Thank you Oliver,
I deleted everything from /var/lib/pgsql/data (that is where my data files are
kept by default) and then su postgres, export PGDATA=/var/lib/pgsql/data
and then I ran initdb, restarted postgres, exit from postgres, changed to a
normal user and created and populated my new database. The sort-order works fine.
Do you by the way know about any gui-client for X (preferably KDE) except
pgAccess which doesn't show our special-characters correct.
Oliver Elphick wrote:
> On Fri, 2002-03-01 at 10:10, Bertil Wergelius wrote:
>
>>I have worked with a lot of different DBMSs. Ranging from MSSQL over Sybase
>>SQL-anywhere to Interbase and most recently MySQL. With only the last mentioned
>>has there been no problem that my language is Swedish and that I therefore want
>>to use our own language's characters in correct sort order. MySQL gives a very
>>pleasant experience when it comes to character sets, collation orders and all
>>the rest; you don't have to care about it at all. That is perhaps because it is
>>a swedish product (of Sweden and Finland).
>>When I now start trying postgresql all the troubles with character sets come
>>back. I've changed LANG to sv_SE and LC_COLLATE too, (in sysconfig/i18n and
>>restarted) created the database with encoding LATIN1, but nothing helps.
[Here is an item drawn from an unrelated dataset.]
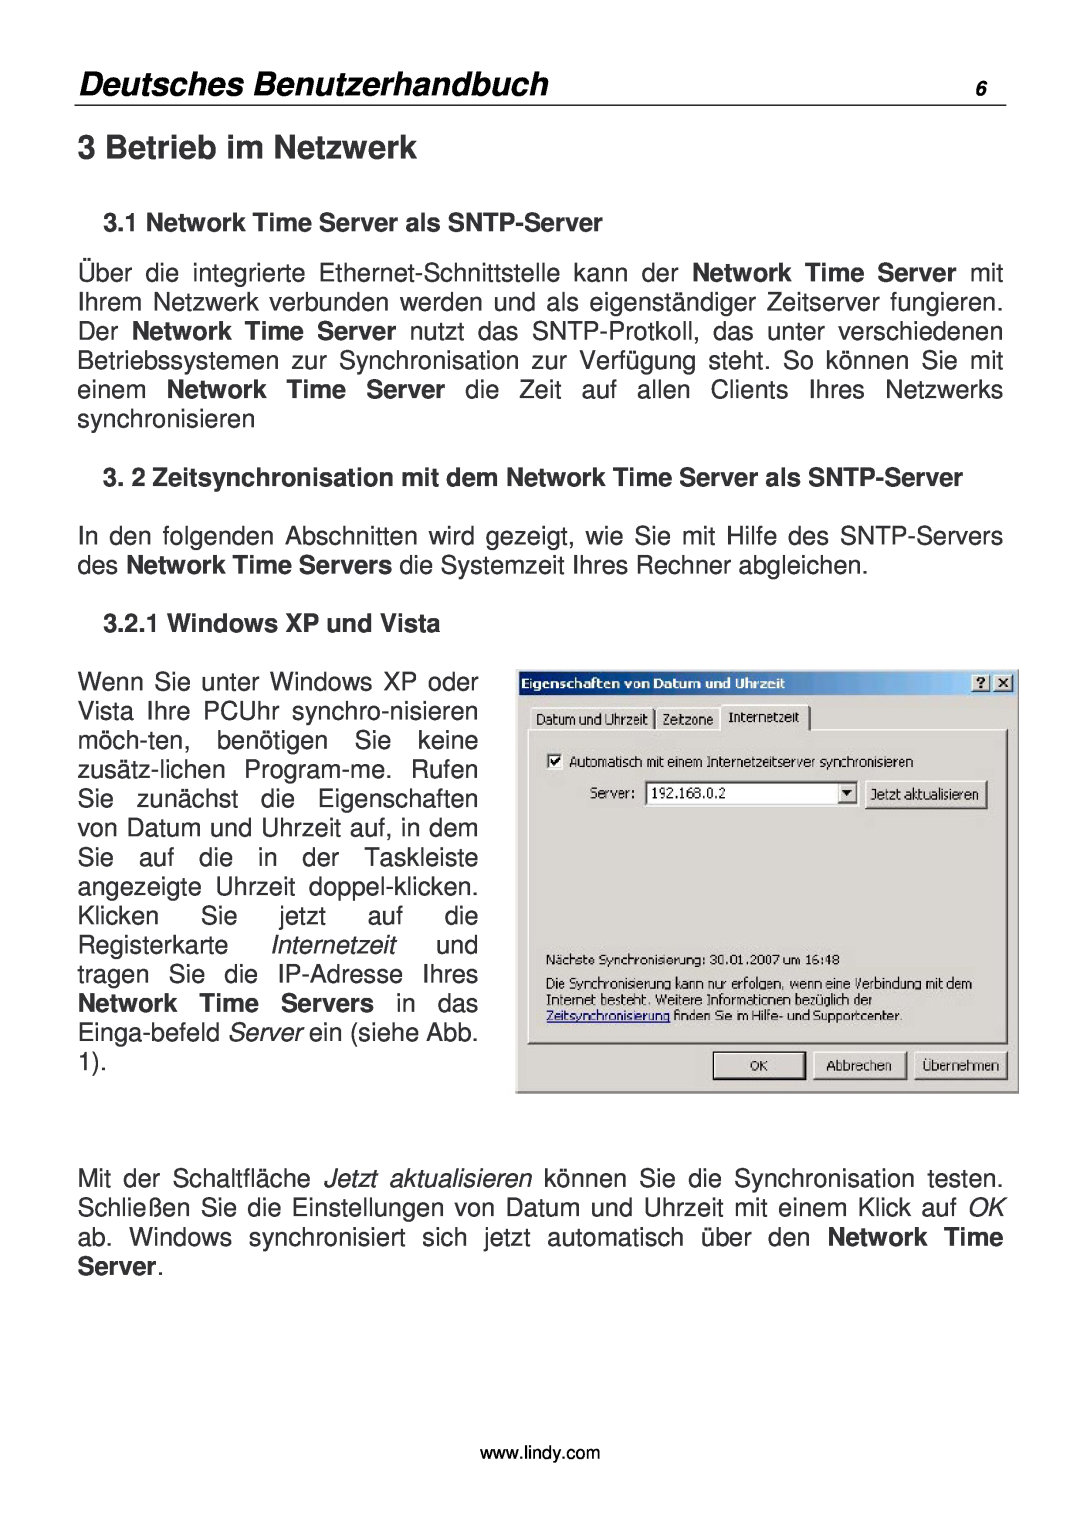 Lindy 20988 Betrieb im Netzwerk, Deutsches Benutzerhandbuch, Network Time Server als SNTP-Server, Windows XP und Vista 
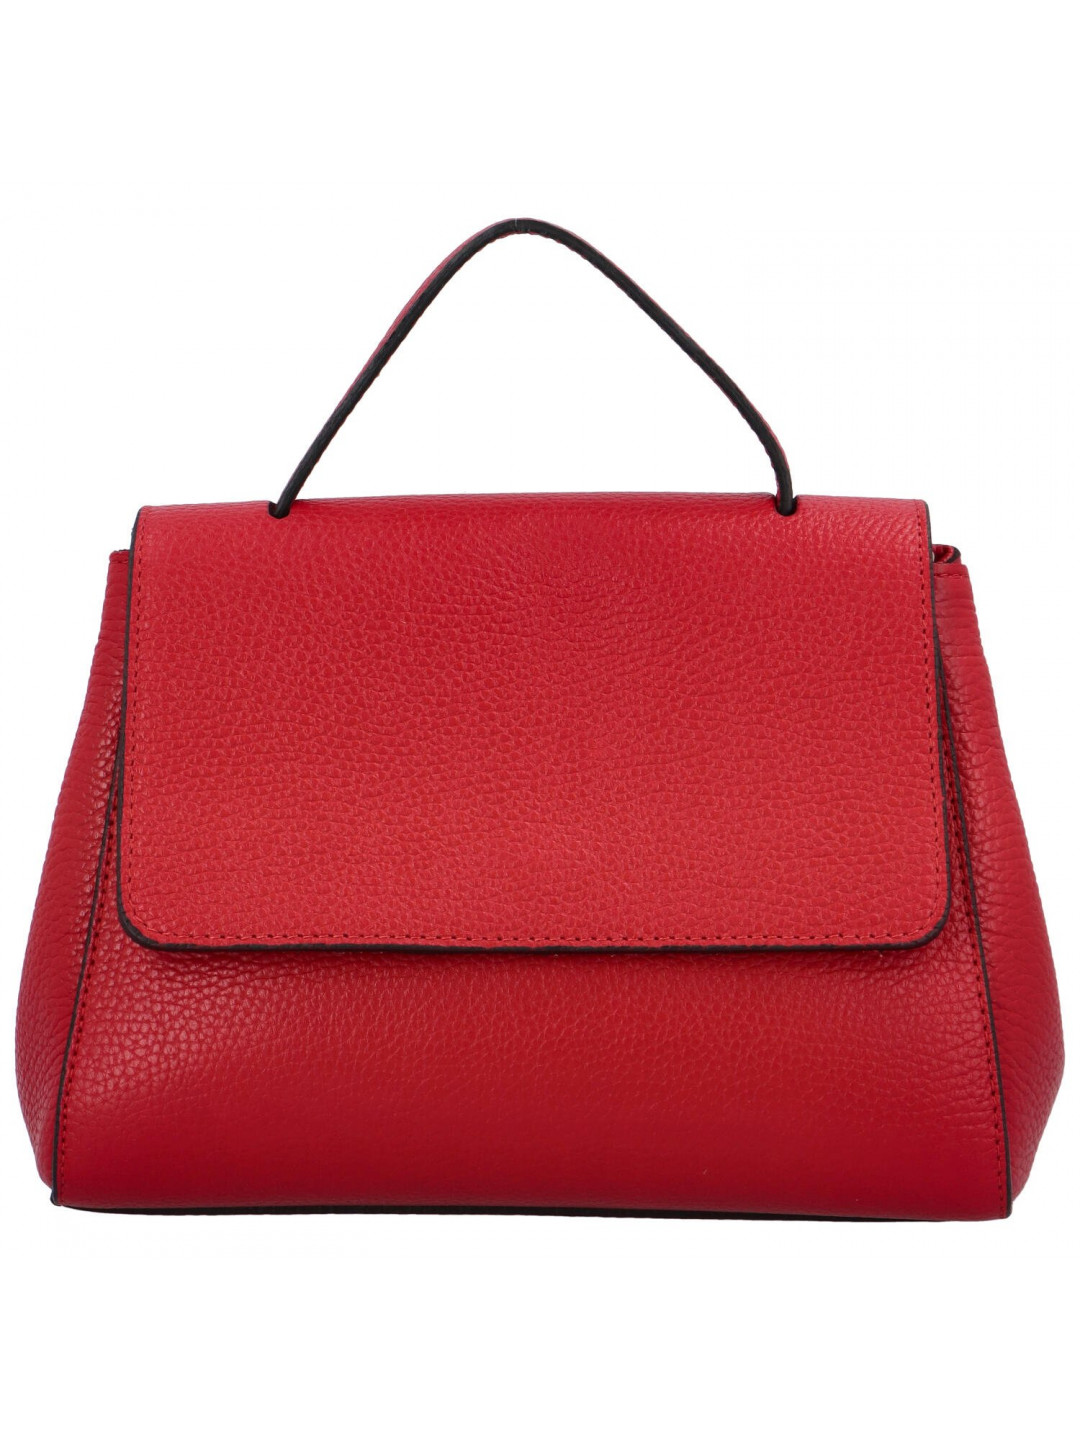 Dámská kožená kabelka do ruky červená – Delami Vera Pelle Fatismy

>>I can sort an ordinary textfile with cat textfile | sort. That sorts correctly
>>so the collation must be correct, then why can't postgresql sort it correctly?
>>
>
> The locale must be set at the time you do initdb. This is because
> indexes will be corrupted if the locale changes after they have had
> items added.
>
> In contrib, there is a utility pg_controldata which will show you what
> locale the database is using. If it the wrong one, you must dump your
> database, destroy it and do initdb again under the correct locale.